活動のご紹介
トラ保護基金
トラ・・・この強く、美しい孤高の王は、20世紀初頭の10万頭から4,000頭前後にまで激減、今後100年間で20%の確率で絶滅すると予測されるに至っています。それはアジア地域における野生の生きものの世界の退潮を、そしてアジア人の自然環境の危機を示しています。
トラが躍動する広大な森林は、数知れぬ野生の生きものたちが、網の目のような関係を日々つむいでいる安定した世界であり、40億年に及ぶ進化の営みが続く場所でもあります。 もし、トラを救うことができたなら、それはアジアの生物多様性の保全と私たちの自然環境の未来に対する大きな希望となるでしょう。
ゾウ保護基金
ゾウの体の大きさが人々を圧倒するように、ゾウは自らが生息する大地-数知れぬ生きものの生息地であり、私たち人間の自然環境-に、想像もつかない大きな影響を与えています。たとえば、ゾウが草木を食べたり、動き回るとき、ひんぱんに木を押し倒します。その際、森の中に光を注ぎ込むことで、あるいは丈の低いしげみを踏みつけていくことで、森林と草地のモザイク状の組み合わせが形作られます。そこには、多様な動植物が生きる多様な環境が生まれます。ゾウが自然に生きられるようにすることは、その地域の生態系を保全し、40億年に及ぶ進化の営みが続けられるようにすることになります。それはまた、アジアとアフリカの生物多様性の保全と私たちの自然環境を保全することにもなります。
イリオモテヤマネコ保護基金
イリオモテヤマネコは、世界で西表島だけに生息するヤマネコです。
1965年に動物文学者の戸川幸夫氏らが発見(1967年に新種記載)、もともと300平方キロメートル(東京23区全体の約2分の1)にも満たない島にヤマネコが生息していること自体が奇跡的などといわれ、国際的にも注目されました。
西表島は水の豊かな、森林におおわれた島です。20万年も前から独自の進化が起こり、島固有の生きものたちを生み出しました。その結果、西表島には、日本でも有数の生態系がみられます。この世界を生んだのも進化のプロセスであり、ヤマネコとその生息地を保全することは、そのプロセスを確保する=生物多様性を保全することになります。生物多様性を基盤とした西表島の地域振興の未来も、ヤマネコの保全と同一線上にあるはずです。イリオモテヤマネコの保全は、日本における生物多様性保全と「人と野生動物との共存」の重要な実例となるでしょう。

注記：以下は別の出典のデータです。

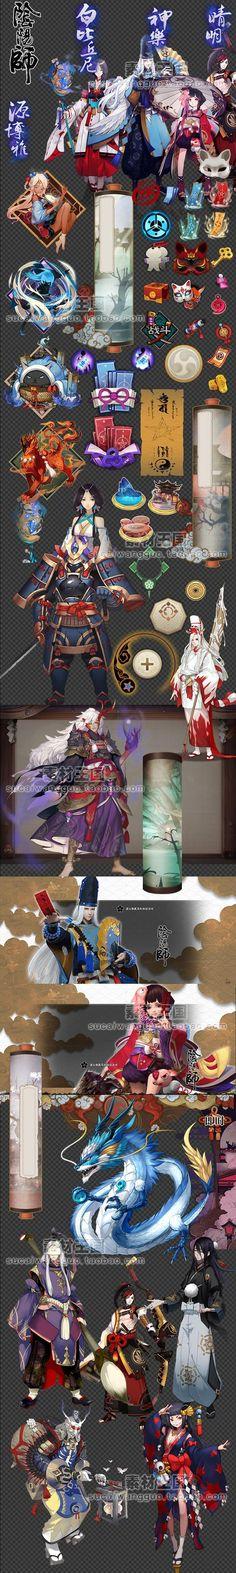 日式复古和风/阴阳师/游戏美术资源素材/...

そのヤマネコも、近年減少傾向が報告され、その数わずか約100頭といわれています。そのため、日本で最も絶滅のおそれの高い動物のひとつとなってしまいました。
脅威となっているのは、生息地が農地整備やリゾート開発などによって破壊されていることや、幹線道路上で多発するヤマネコの交通事故などです。
イリオモテヤマネコを守るためには、今、新しい保護活動が必要です。
イリオモテヤマネコの思い出とこれから
戸川久美
私が小学校高学年のころ、父は西表島に行っては数カ月帰ってこず、帰ってきたと思ったらまた行くという、行ったり来たりの生活をしていました。そして発見されたイリオモテヤマネコ。やがて捕獲に成功したオスとメスのヤマネコが国立科学博物館へ行く前の約2年間、自宅の庭で飼育されました。ヤマネコを見に国内外から学者さんなど様々な方が家へ訪れるたびにヤマネコの発見はすごいことだと実感していました。冬になると寒さに弱いヤマネコのために、子供部屋を譲り渡し、台所で宿題をしていたのもいい思い出です。ヤマネコは近寄るとフゥーッと声を出し、捕らわれても威厳のある野生の姿をケージの中から見せつけていました。
あれからもう40年以上も経ちます。開発が進んでいるなか、数を減らしながらもヤマネコは必死に命をつないでいます。絶滅のおそれが一段と増したにもかかわらず、そして交通事故で死ぬネコが多いこともわかっているのに、県道の幅は広がり速度制限は十分守られず、観光客は増え、リゾート会社に次々とヤマネコの生息地も買い取られています。
ひっそりと隠れるように生きているイリオモテヤマネコ。発見された当時の「開発か自然保護か」という対立の構図は今も残っているようです。しかしヤマネコがいるからこそ西表島は特異な自然を維持しているのです。自然を愛する人たちが訪れる西表島だからこそ、「ヤマネコにも人にも」良い環境をという独自の価値観をさらに協調し、生物多様性を基盤にした地域振興のモデルケースを作り上げることができるのではないでしょうか。